I saw children. On oxygen. Weakened by disease. Curled in their beds, poor little things, their bare bellies moving up and down as they breathed. “Most have TB,” my friend said. Some looked so small, the size of a big pumpkin. Their mothers shared the bed with them, looking dazed, exhausted, but still watching over them with as much love as only a mother can confer. Some children played outside a ward, because that was now home. I saw people recovering from burns and people healing from accidents, their heads bandaged, their torsos swathed with bandages. “That one,” I pointed at a man sitting forlornly on his bed, “looks like a mummy.” The night wore on and we roamed the corridors of this museum of human suffering. The hospital was surprisingly clean. There was no stench – apart from the orthopedic wards that smelled of rotting flesh and broken bones. There were no screams. I had half a mind to ask her to take me to the cancer ward for children, but my will was already too small, shrunk by the little I had seen. We passed outside ICU, which opened right into a corridor. It’s a no go zone but when a doctor opened the door to come out I caught a glimpse of a woman lying comatose. Machines beeped. At the desk, night nurses sat leafing through papers.

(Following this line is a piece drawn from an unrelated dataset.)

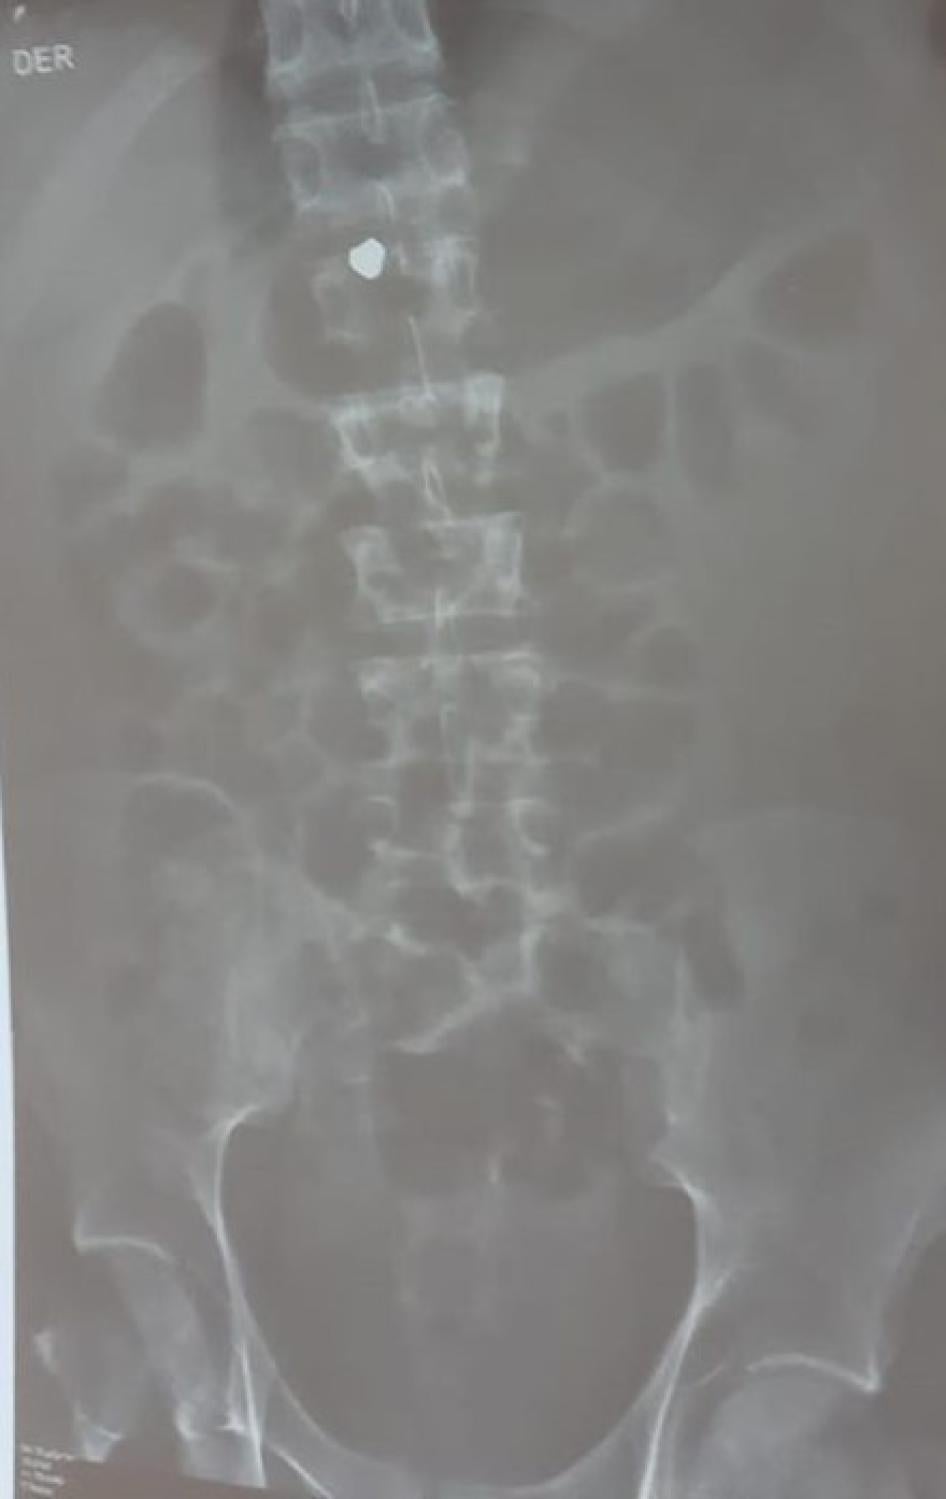 X-ray showing a pellet, believed to be lead, lodged in Jon Cordero’s spinal cord. Photograph courtesy of Jon Cordero’s family.
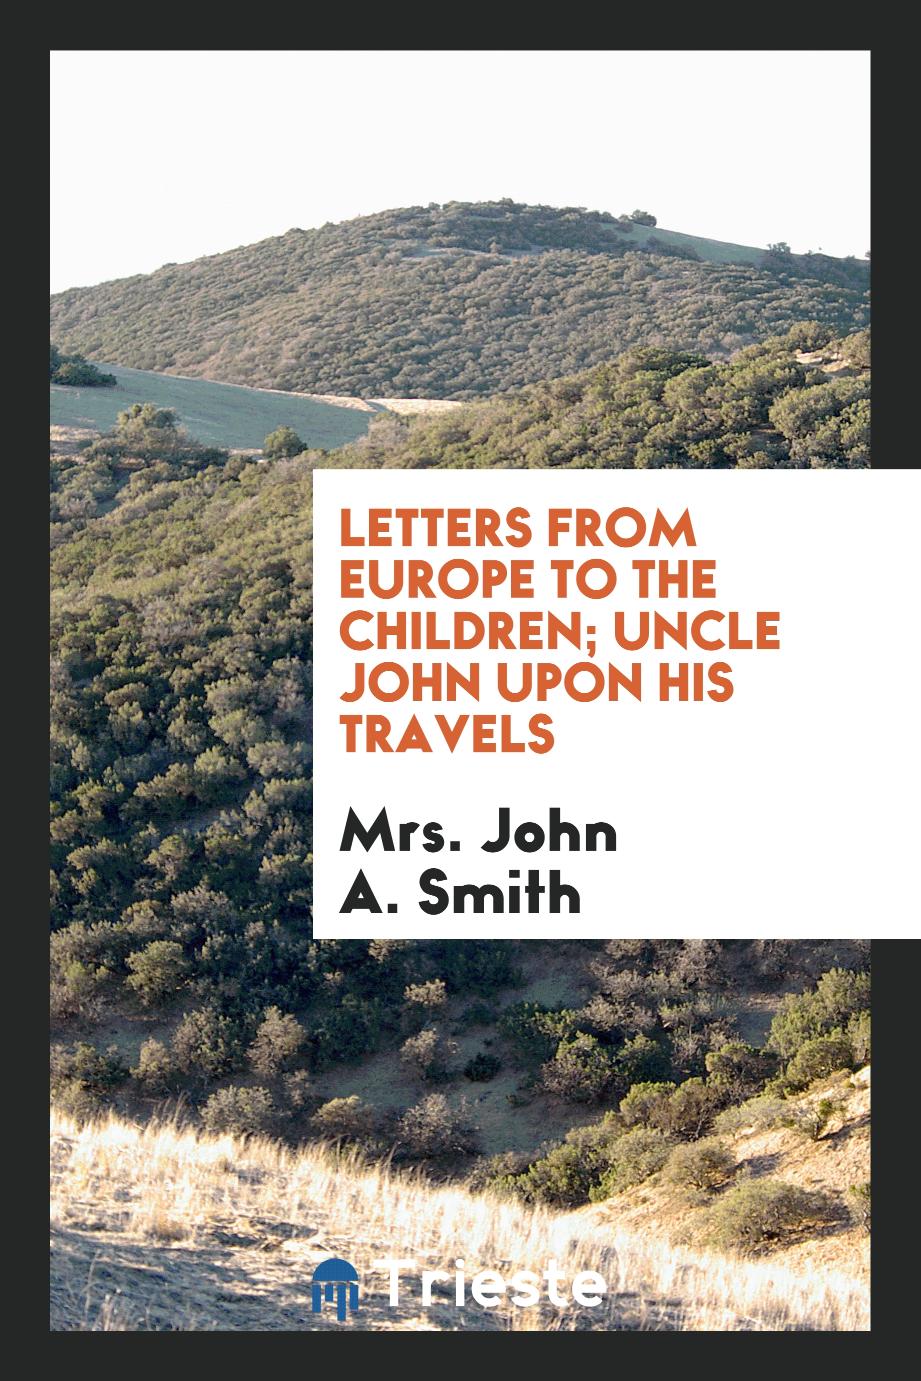 Letters from Europe to the children; Uncle John upon his travels

In the Uber home, the roads now pretty much ghost avenues, I thought about all those sick people, that man lying on his back, his legs hanging on weights like meat. He will be there for months until he heals, not moving, taking a shit in a bucket. And those children who are losing a great part of their childhood in their fight to live. Children playing in hospital corridors in the middle of the night. I thought of the woman in ICU and the boatful and boatful of prayers that her people must have been sending her way.
Then I was in bed, wide awake like I was plugged into an electric socket, not wanting to read a book, just lying there and thinking about those people I’d seen in those hospital beds and those people like us in our own beds and wondering what the hell we have done not to be in a hospital bed, wearing adult diapers. Why our children sleep in their beds with their teddy bears while others are on oxygen. I thought about those people in beds who also had calendars like us, calendars with activities, meetings, trips, reminders, PNL reviews, pitches, Q2 strategy…did they not “block a day and time,” like us? Their calendars are now as useful as a broken hoe. They are now on drips, their veins collapsing from injection, staring at a white ceiling everyday.
These people aren’t able to bask in the sun, open a tap, wait for a lift, unroll a yoga mat, cut an apple, look for the TV remote, validate a parking ticket, wait for a matatu, lace a running shoe, Shazam a song, get a neck massage after a shave, order a drink without ice or say, ‘are you going to eat that?” But we can. For now.